Immanuelle had always felt a strange affinity for the Darkwood, a kind of stirring whenever she neared it. It was almost as though the forbidden wood sang a song that only she could hear, as though it was daring her to come closer.

But despite the temptation, Immanuelle never did.

On market days, Immanuelle took a selection of her wares—be it wool or meat or a ram—to the town market for peddling. There, she would spend the whole of her day in the square, haggling and selling her goods. If she was lucky, she’d return home after sundown with enough coppers to cover their weekly tithes. If she wasn’t, the family would go hungry, and their tithes and debts to Abram’s healers would remain unpaid.

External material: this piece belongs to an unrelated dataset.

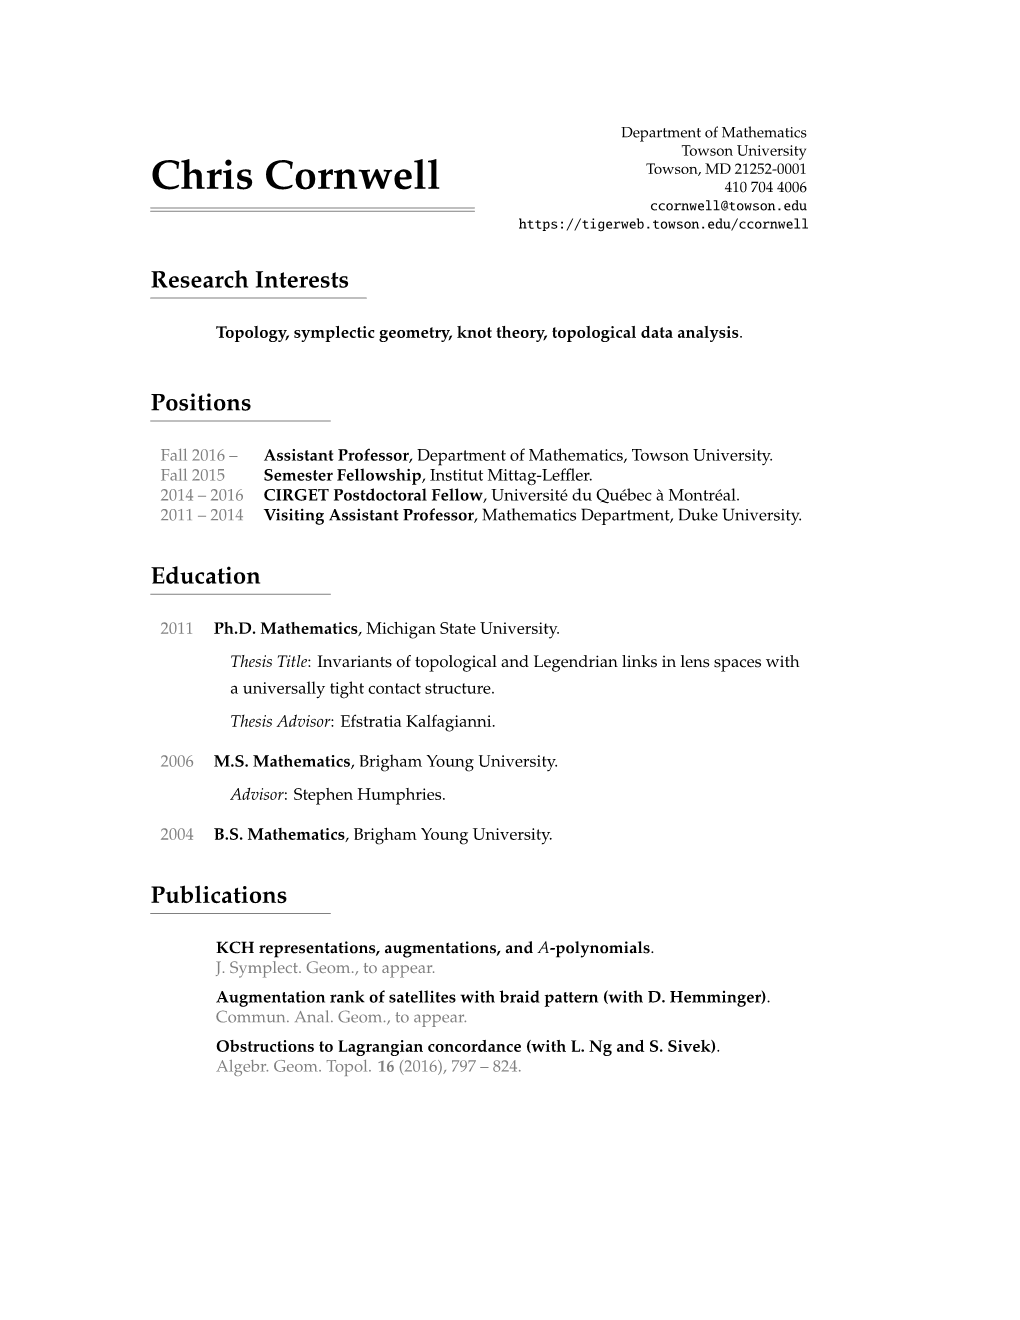 Chris Cornwell: Curriculum Vitae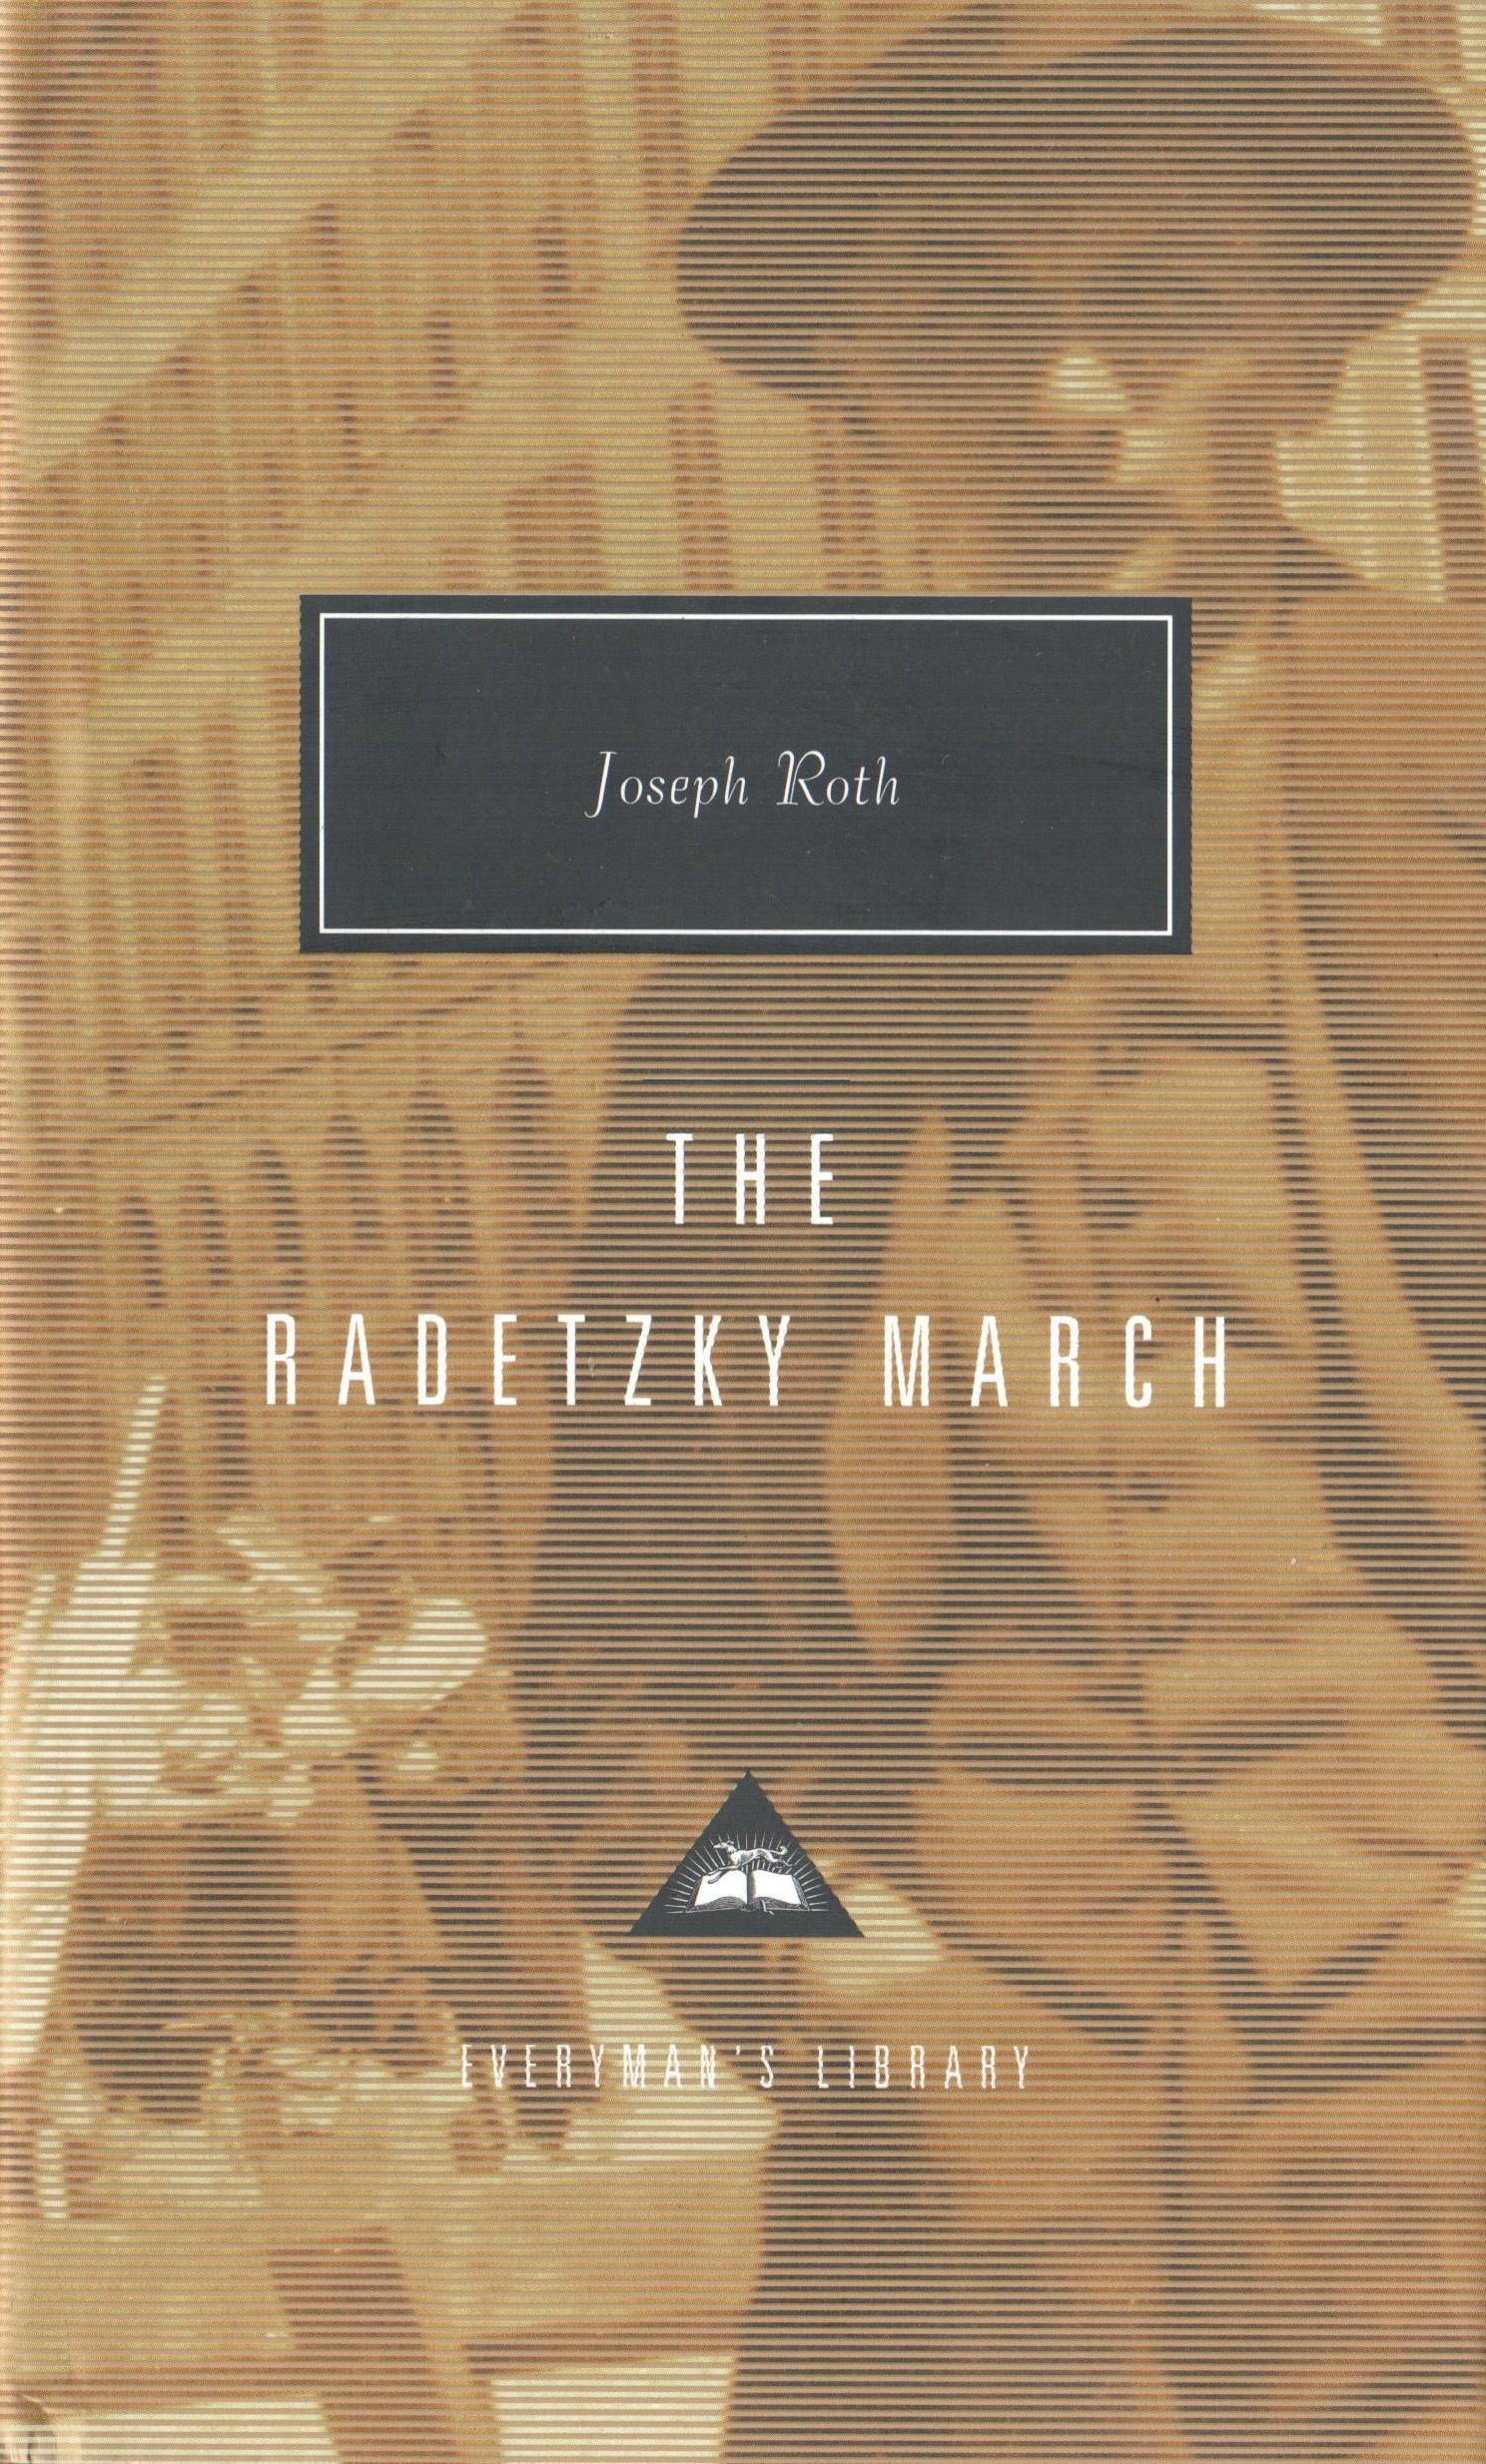 Radetzky March - Joseph Roth

Abram forced down another mouthful of stew, swallowing with some effort. “Sell him . . . for a good bit. Don’t settle for less than what he’s worth.”

Immanuelle nodded. “I’ll go early. If I take the path that cuts through the Darkwood, I’ll make it to the market before the other merchants.”

The conversation died into the clatter of forks and knives striking plates. Even Honor, young as she was, knew to mind her tongue. There was silence, save for the rhythmic drip, drip, drip of the leak in the corner of the kitchen.